Some open access advocates insist on a narrow definition of open
access as equivalent to the Creative Commons Attribution-Only license.
Jan Velterop recently made this point in Liblicense under the thread
Predatory Open Access Journals in CHE:
http://listserv.crl.edu/wa.exe?A2=ind1203&L=LIBLICENSE-L&F=&S=&P=62827

As a long term open access activist and scholar, I have given this
matter quite a bit of thought. With all due respect to my OA advocate
colleagues, I do not believe that CC-BY is the best option even for
strong (libre) forms of open access, and I would argue for a broader,
more inclusive definition at any rate. In brief, my view is that while
CC-BY superficially appears to be the expression of the BOAI
definition of open access, in practice it has weaknesses that are
problematic for open access. For this reason, it is my opinion that
the best CC license for libre open access is Creative Commons
Attribution-Noncommercial-Sharealike (CC-BY-NC-SA), as this protects
open access downstream. I recognize that the current CC-NC definition
is overly broad and hence problematic. However, I argue that the
solution is for CC to improve the license rather than abandoning the
noncommercial option.

One of the reasons why I think CC-BY-NC-SA is actually a better fit
with BOAI than CC-BY is because it would be more effective to achieve
the vision of BOAI, e.g. "the sharing of the poor with the rich and
the rich with the poor" than CC-BY. That is, CC-BY allows for the
creation of for-pay derivatives that the CC-BY author (or their
family, community, or country) could not afford. This would in effect
be a one-way sharing of the poor with the rich. For this reason, I
always recommend the use of NC for open access authors and publishers
in the developing world.

My argument is presented in more detail in the third chapter of my
draft dissertation, which can be found here:
http://pages.cmns.sfu.ca/heather-morrison/open-thesis-draft-introduction-march-2011/
(search for open access and creative commons)

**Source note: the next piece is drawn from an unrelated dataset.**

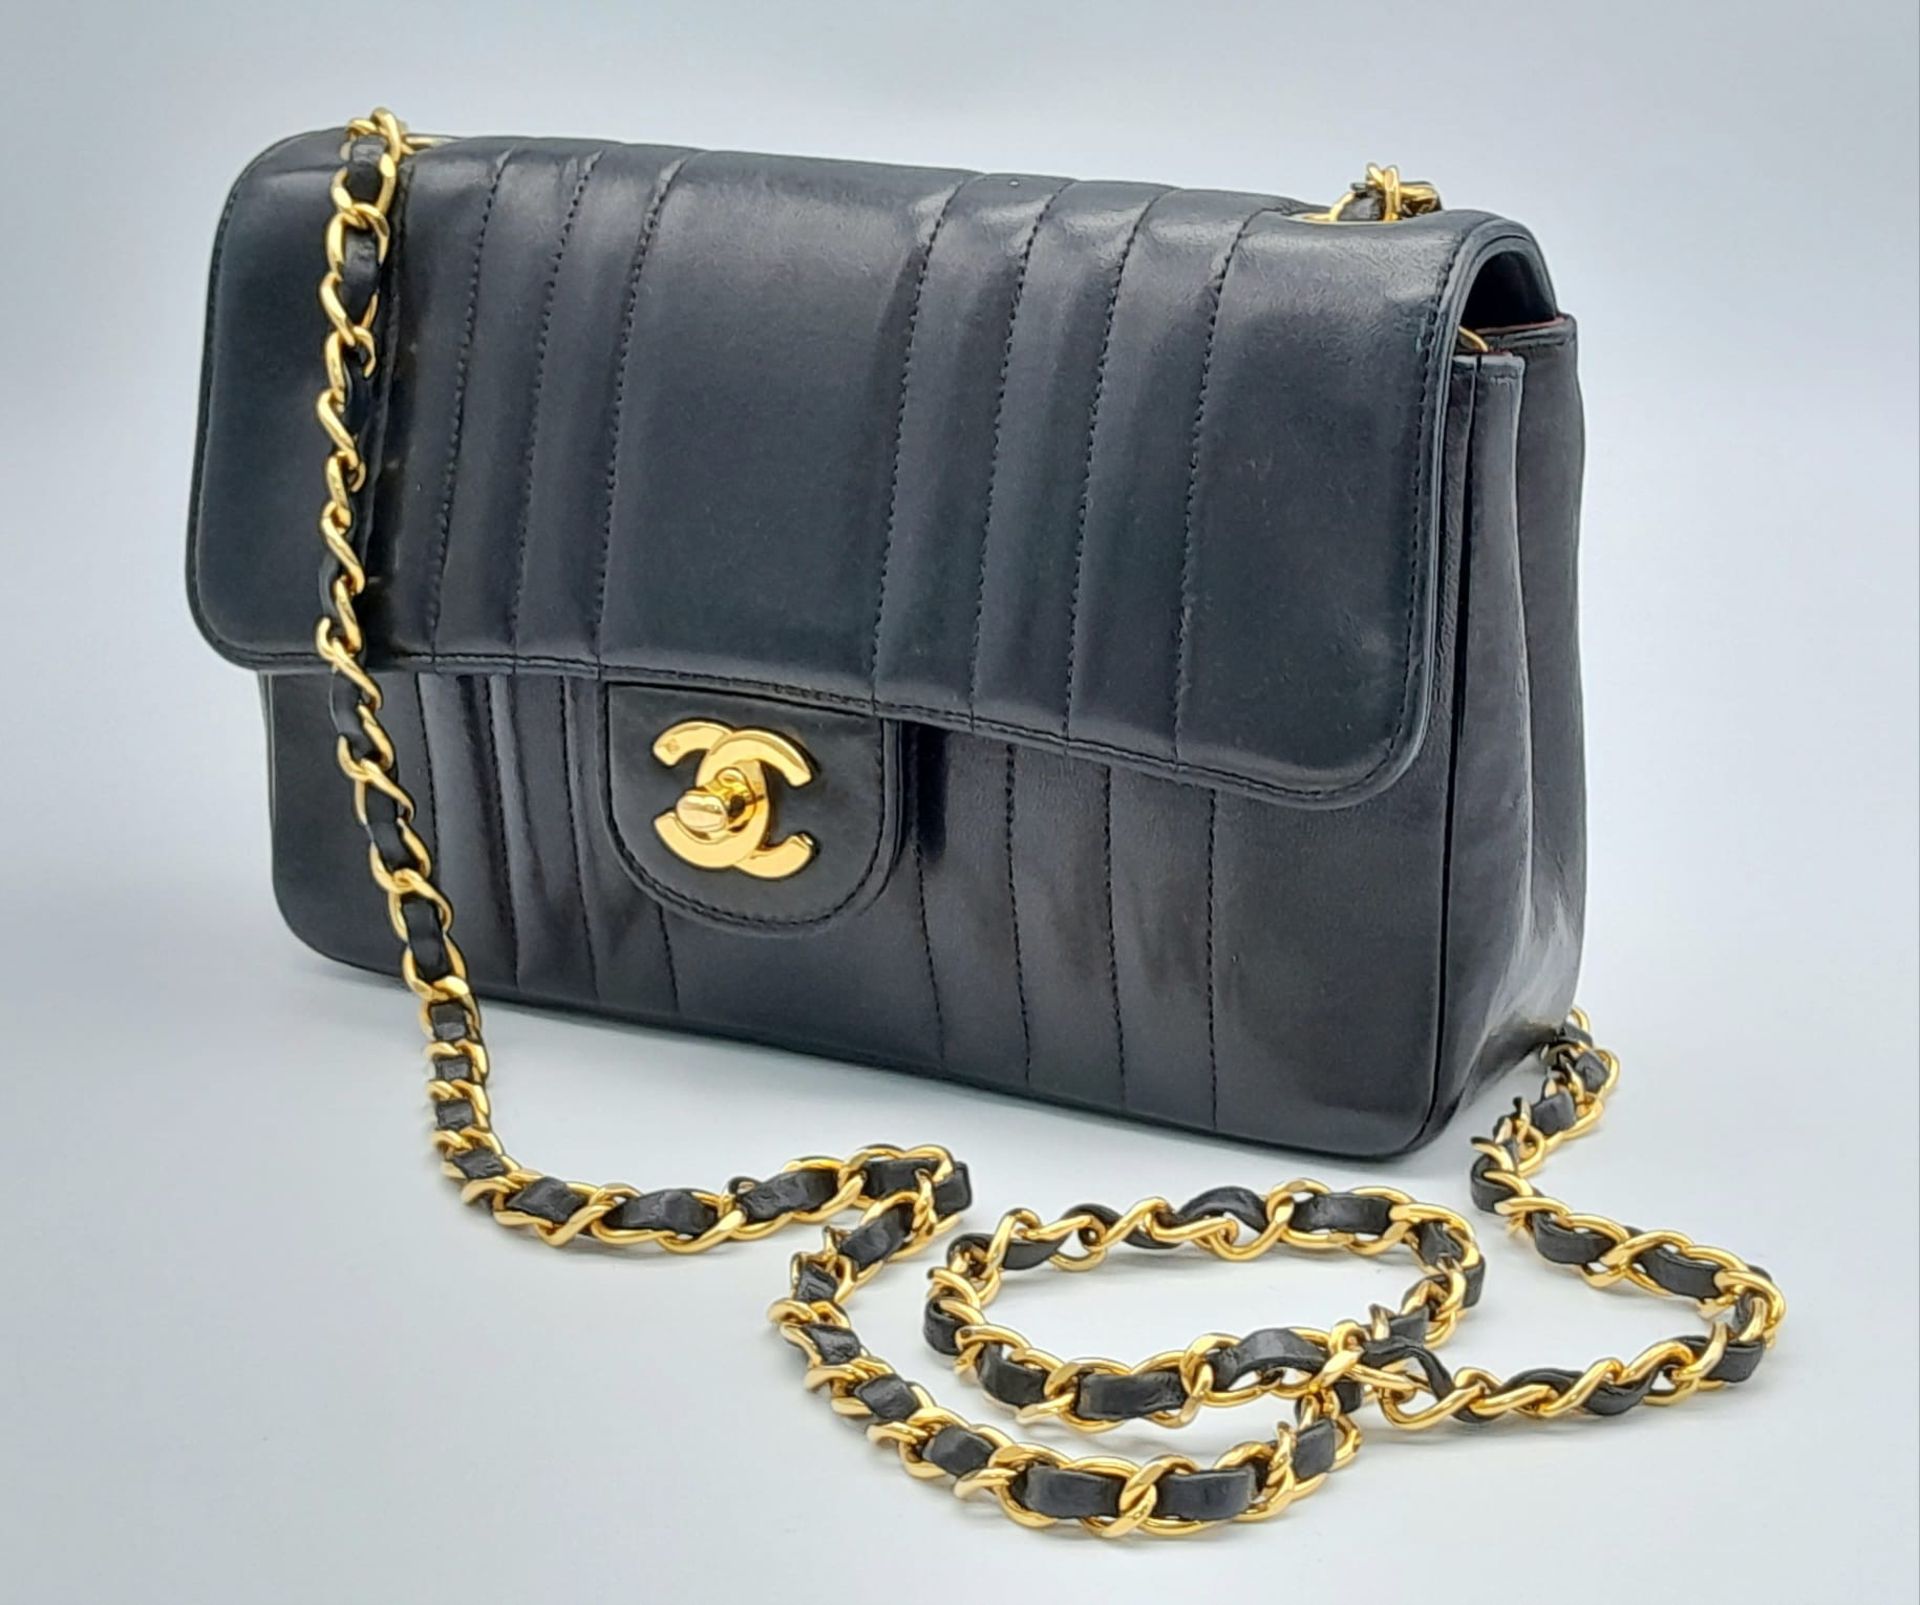 An Early 1990s Chanel Mademoiselle Classic Flap Chain Bag. Black lambskin leather. Gold plated
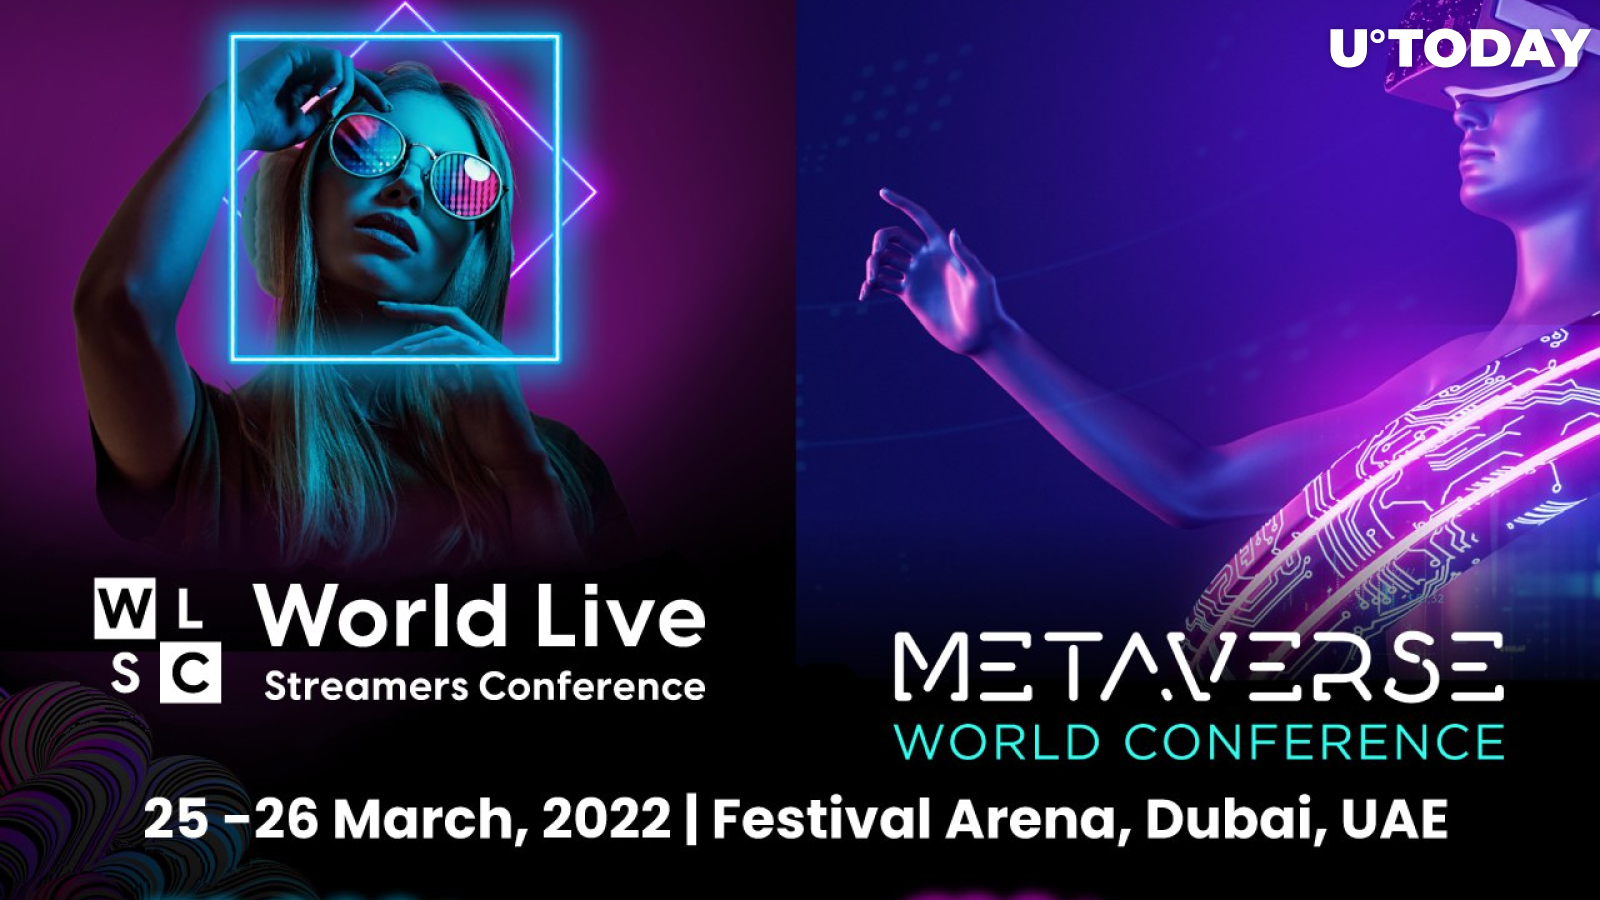 Catch Two of the Biggest Live Streaming and Metaverse Events of the Year on Mar 25-26

While I argue that CC-BY-NC-SA is the best available license for the
strongest form of open access, I also argue for a broader, more
inclusive definition of open access. Free to read online with no other
rights is a tremendous improvement over toll access that people cannot
afford. One of Willinsky's most basic points in The Access Principle
is exactly this broad, inclusive approach to open access. Authors,
publishers, universities and research funders around the world work in
many different contexts and it is not clear that there is a single
approach that actually makes sense for everyone. Some publishers and
journals work in areas where research funding is relatively plentiful
and the grant amounts generally large enough to cover article
processing fees. In other areas of scholarship, funding is less
frequent and less generous. Some journals in these areas may be just
barely covering costs with their subscriptions revenue and reluctant
to move to full, immediate, libre open access for valid reasons. When
these journals choose partial OA measures such as free access to back
issues, that is a very fine thing. If we wish these journals to move
to stronger forms of open access, I would suggest that it would be
appropriate to find means of helping them figure out economic
solutions to support a transition. If their chosen model is
problematic, we should point this out and explain what the problem is.
For example, Elsevier's Sponsored Articles is an expensive option
which is essentially a copyright transfer to the publisher which
leaves the author with

In my blogspot, Articulating the Commons, I I argue that we do not yet
have a complete answer to the question of how best to share our works,
and that rather than rushing to find a solution, it would be optimal
to open up a discussion to take place over many decades, around the
world, involving as many people who are interested and willing to
contribute, and taking into account a wide variety of perspectives,
including non-western perspectives.
http://poeticeconomics.blogspot.ca/2011/12/articulating-commons-leaderful-approach.html

This topic has generated some lively discussion recently on the SPARC
Open Access Forum, the open science list, scholcomm, and google's G+,
in case anyone wishes to delve into the details of the debates.